So those were just some bad examples of issues you can run into if you try to store too much in JSON. Now he talks about a good example of it: you have your standard table, you have all the standard columns, but there are some additional attributes that don't apply to every object. So this is something in a warehouse and everything pretty much has a price, a weight, whether it's available or not, who manufactured it, and packaged size, so those are consistent for any item. Whereas maybe you have certain attributes as he talks about, maybe it's a type of power plug, something unique for that item that is important for a customer to know. You could store it in the attributes field but that's a good example. But if you want to learn more, you can check out this blog post.

The next piece of content- "Using recursive queries to get distinct elements from a table". This is from depesz.com. So this is from an example where someone had an 800 million row table with a set of stations and each station had a certain number of channels. This is the query that they did where they wanted to get all the channels for a station. So they would select the station and then do an array aggregation of the channel and group it by the stations so it will show all the channels for a station. Basically, it took about five minutes to run this. So he tried to do a similar thing and asked how we can improve performance. Now he added the index on the station and channel and it ran in 136 seconds so that takes a bit of time.

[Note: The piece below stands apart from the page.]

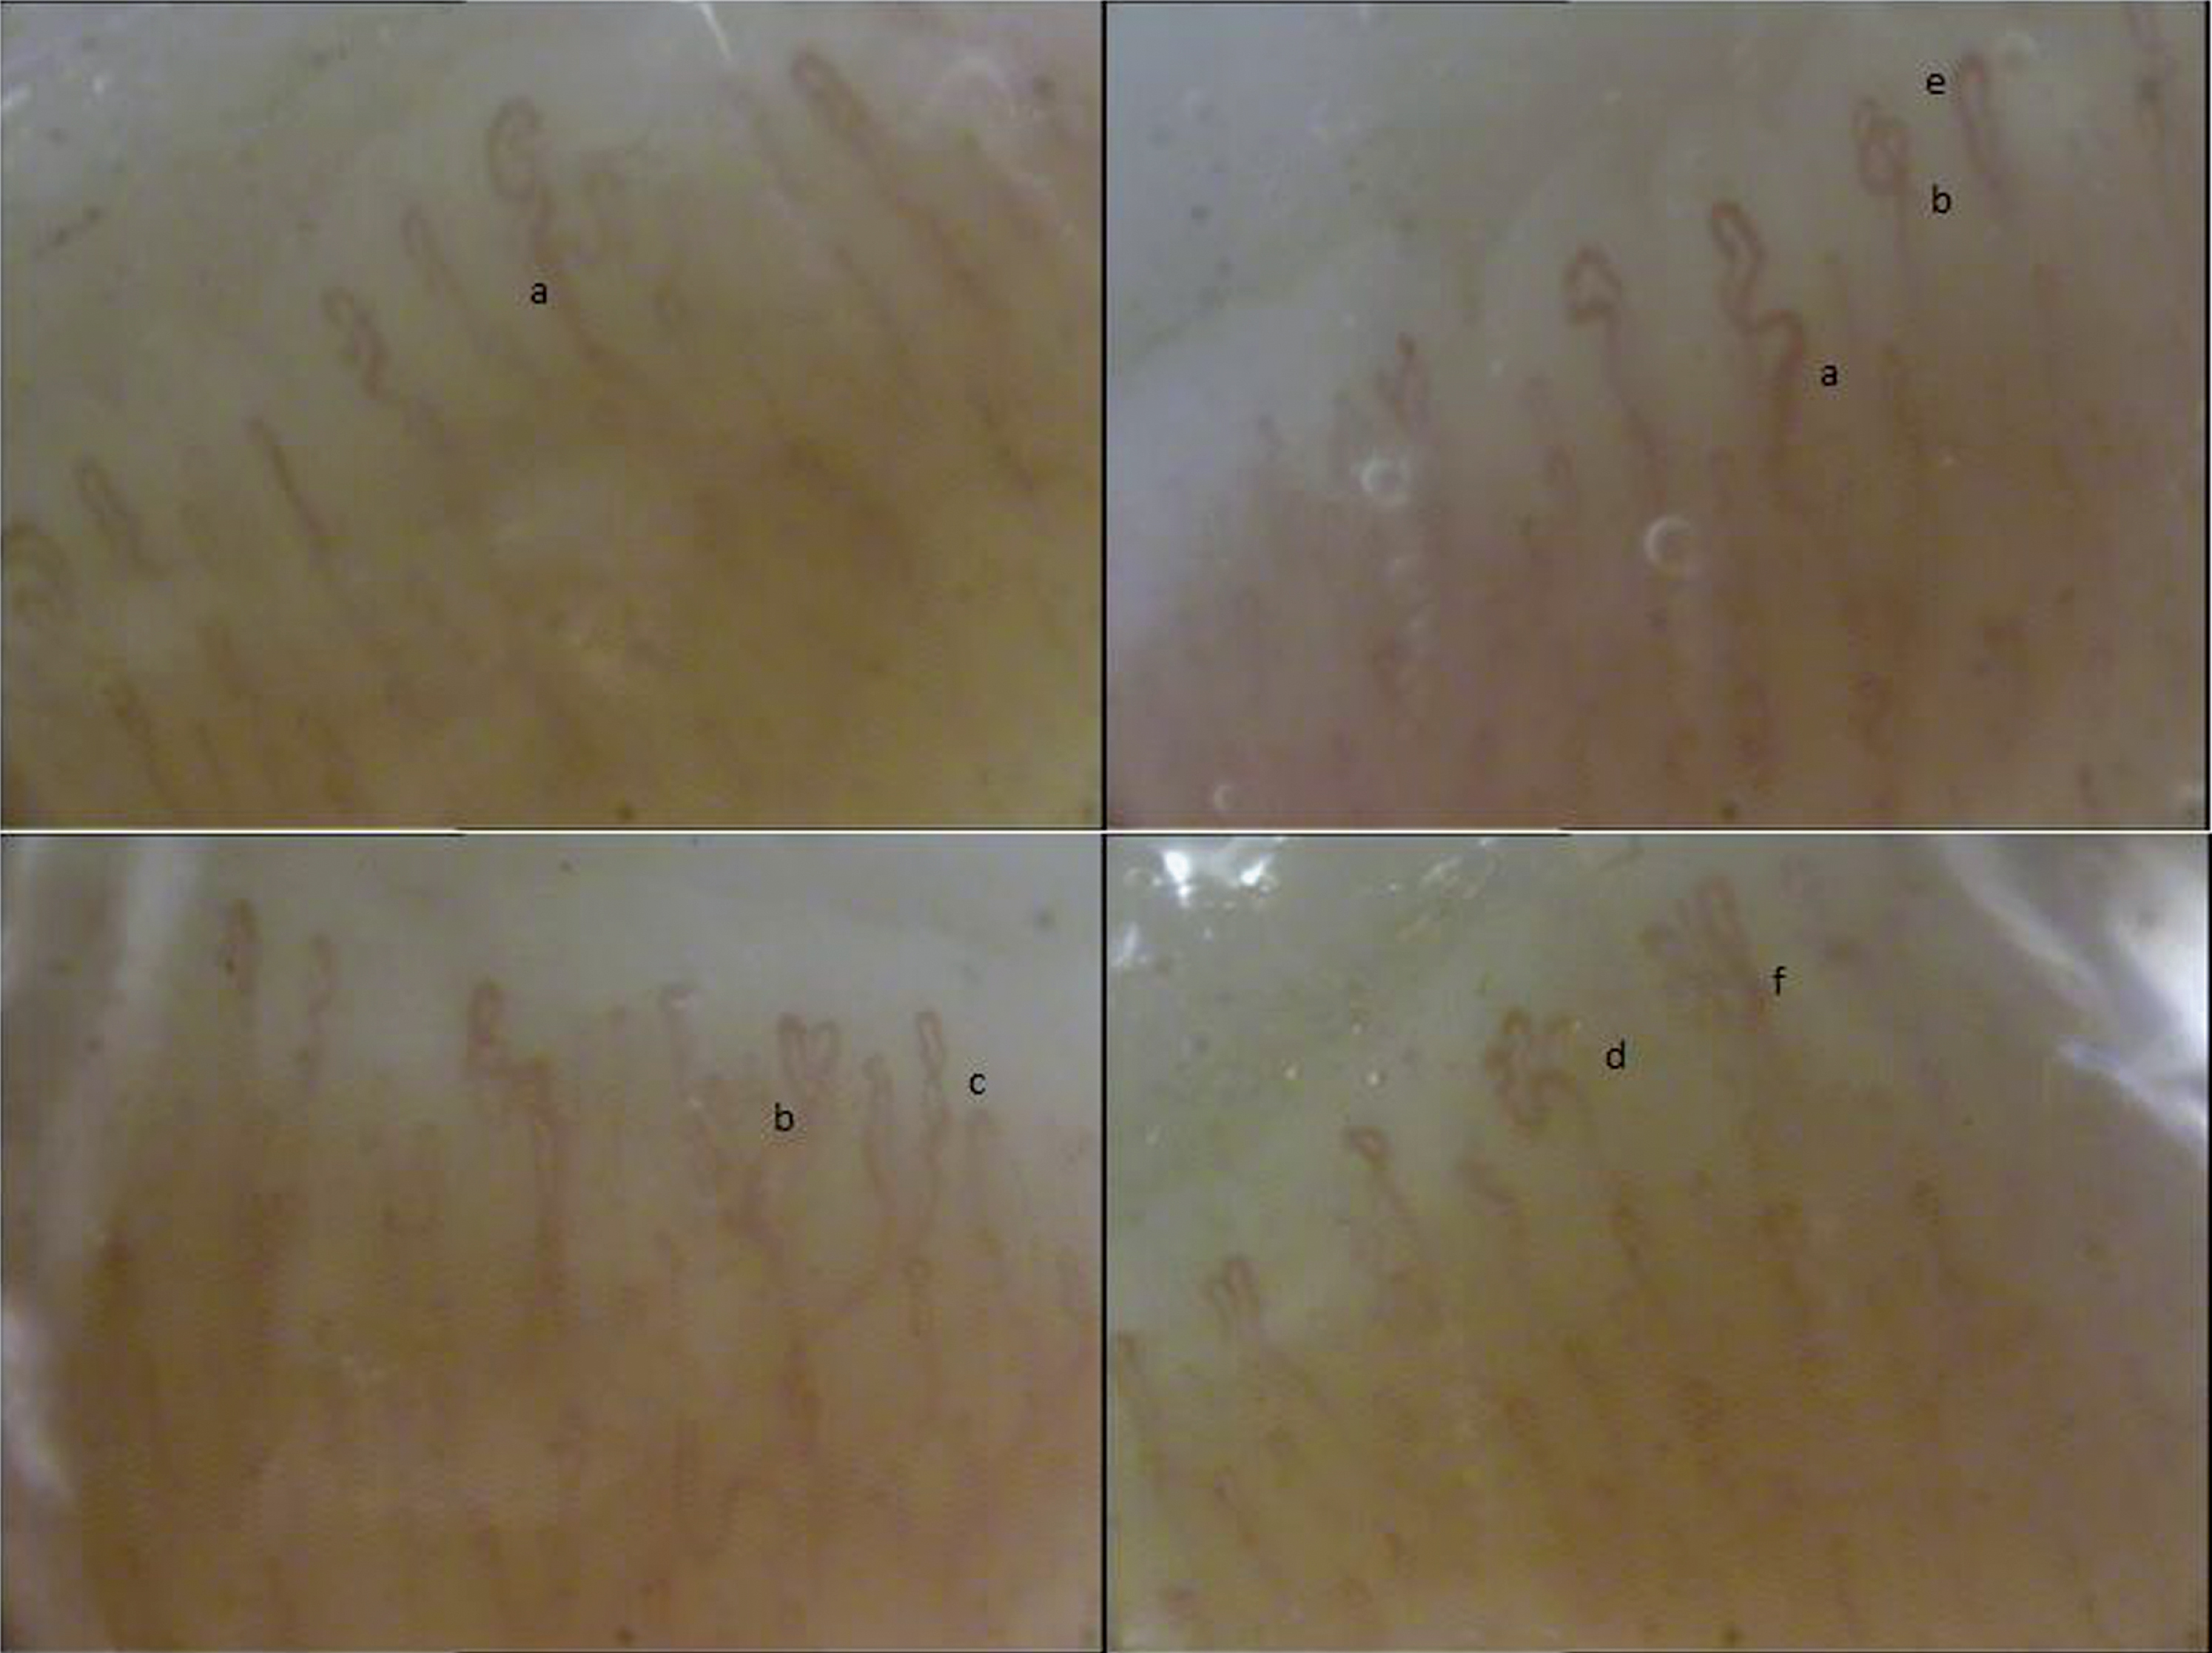 Nailfold videocapillaroscopy images in a case of volleyball player showing a “non-specific pattern”: a) ectasia of the efferent tract of the loops, b) apical ecatsia, c) tortuosity and newly formed capillaries with d1) bushy, d2) branching, d3) “candelabrum” appearance.

Now he said one path you could do is that you could pre-cache that value and maybe you do it as a materialized view or you create a separate table that you then update with triggers. That's one way that you could do it and you could get a query back in less than a millisecond. So basically you're caching it essentially. But he came up with another solution which is basically a skip scan. So the first thing you do is you do a SELECT it from the table and limit it to once so it's going to get the first one. Again, that happens at about a millisecond. Then you do greater than that value that you just received and you want to get the next value that exists for that station, the next channel.

You're going to skip everything in between it and then just limit one. Again that ran at about a millisecond so you want to continue doing that for all the channels. So he did it as a recursive query, so it recursively runs through and finds all the channels for his station. With that, he got the query down to 157 milliseconds so that's with no caching at all, that's a significant improvement over 136 seconds. So definitely a great technique to consider if you need to do something similar.

Next piece of content- "WHY ISN'T POSTGRES USING MY INDEX?". This is from pgmustard.com. He says the two main reasons that maybe this happens is that number one, Postgres can't use the index, or two, it thinks that it could do the query without using the index faster. It covers some of these and some of the reasons he mentions that you can't use it, that maybe a function is preventing its use. The main reason that would be is like if you're using a lower to find an email. Unless that has been defined as a functional index and lowering the email field, it's not going to work. Another type is a data mismatch preventing its use. He uses an example of where he's trying to search with a numeric and it just basically does a sequential scan instead or the index does not exist. Now I'll add a fourth option here and that is if you're using LIKE or ILIKE, and you only have a B-tree index on it, it's generally not going to work.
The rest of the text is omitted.